As with the earlier edition of this excellent book, the second edition offers a detailed survey of the business of flipping houses. The book highlights what to look for, how to find properties offering fast resale profit opportunities in virtually any local market, and specific steps to take to earn fast flip resale profits.
However, the book is not without a major flaw. Although Bronchick and Dahlstrom have many years of experience flipping properties, throughout the book there is not one personal example of what they did right or wrong applying the flip techniques they explain. Without specific examples, this book is weaker than it should be.
The book's best chapter explains "The concept of flipping properties." It explains the three possible roles a reader might play. One is the "scout" who finds potential flipper properties and refers them to a local investor who pays a referral fee when a successful purchase results.
Another role a "flipper" might play is the "dealer" who locates deals and actually contracts to buy a property but then assigns that purchase contract to an ultimate buyer, such as a "retailer."
The retailer flipper buys the property from a dealer, or as the result of a scout's effort, changes the property from an ugly duckling into a beautiful swan, and then resells for a substantial profit.
When I reviewed the first edition of this book, it was the pioneer in the field of explaining the benefits of flipping properties. Since then, there have been many other books written about flipping properties for profit.
Unfortunately, the second edition of this book has not kept up with the competition. Although it remains an excellent book, it needs current real-life examples of property flip profits in today's market place.

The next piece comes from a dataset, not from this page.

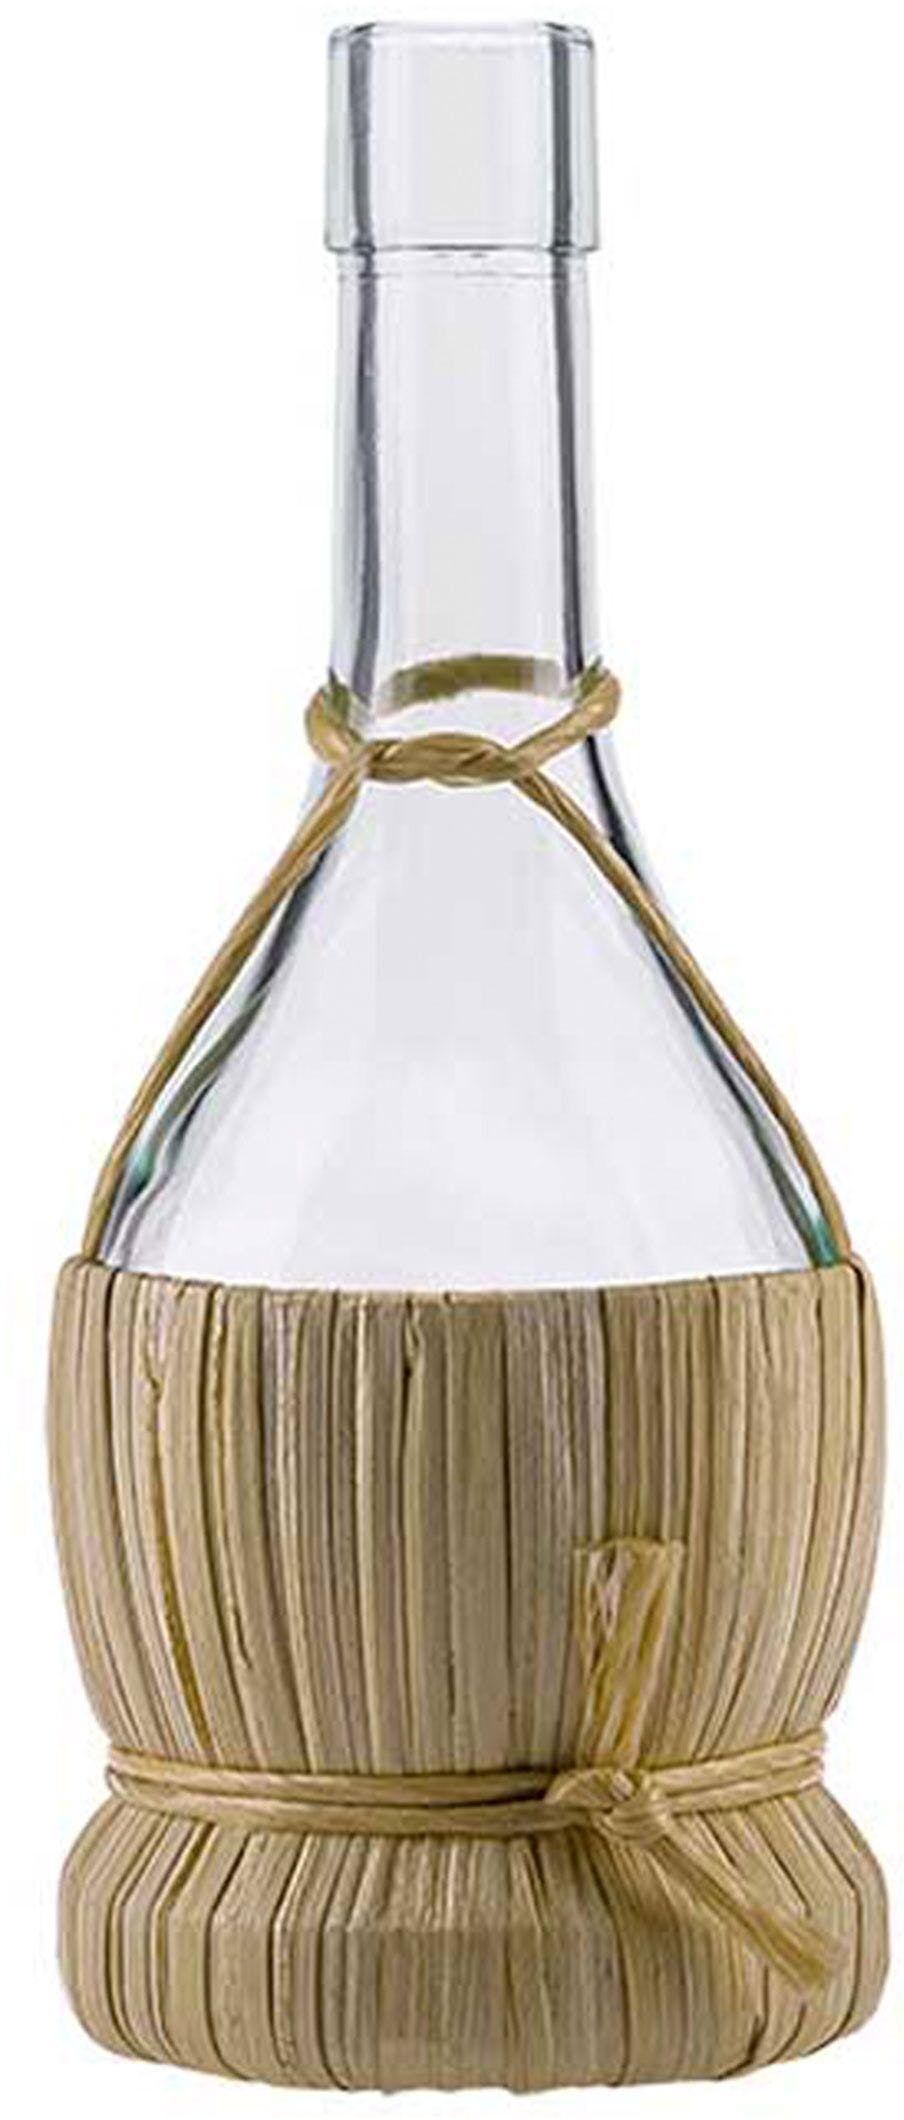 Botella FIASCO  250 ml BG-corcho

Chapter topics include: "The Concept of Flipping Properties"; "The Mechanics of Real Estate Transactions"; "Proven Ways to Find the Deals"; "The Art of Negotiating the Deal"; "Putting it in Writing"; "Finding Money to Buy the Properties"; "The Closing Process"; "Rehabs--The Big Bucks"; "Presenting Your Masterpiece"; "Liability Issues"; "Tax Issues"; and "Starting and Succeeding in the Flipping Business."
If you want to earn fast real estate profits, reading this book is a great place to start. It explains virtually all the important topics, especially the tax aspects of fast-flip properties. However, the book cries out for real-life examples to show the theories actually work. On my scale of one to 10, this book rates a solid 10.
"Flipping Properties, Second Edition," byWilliam Bronchick, Esq. and Robert Dahlstrom (Kaplan Publishing, Chicago), 2006, $18.95, 202 pages; available in stock or by special order at local bookstores, public libraries, and www.Amazon.com.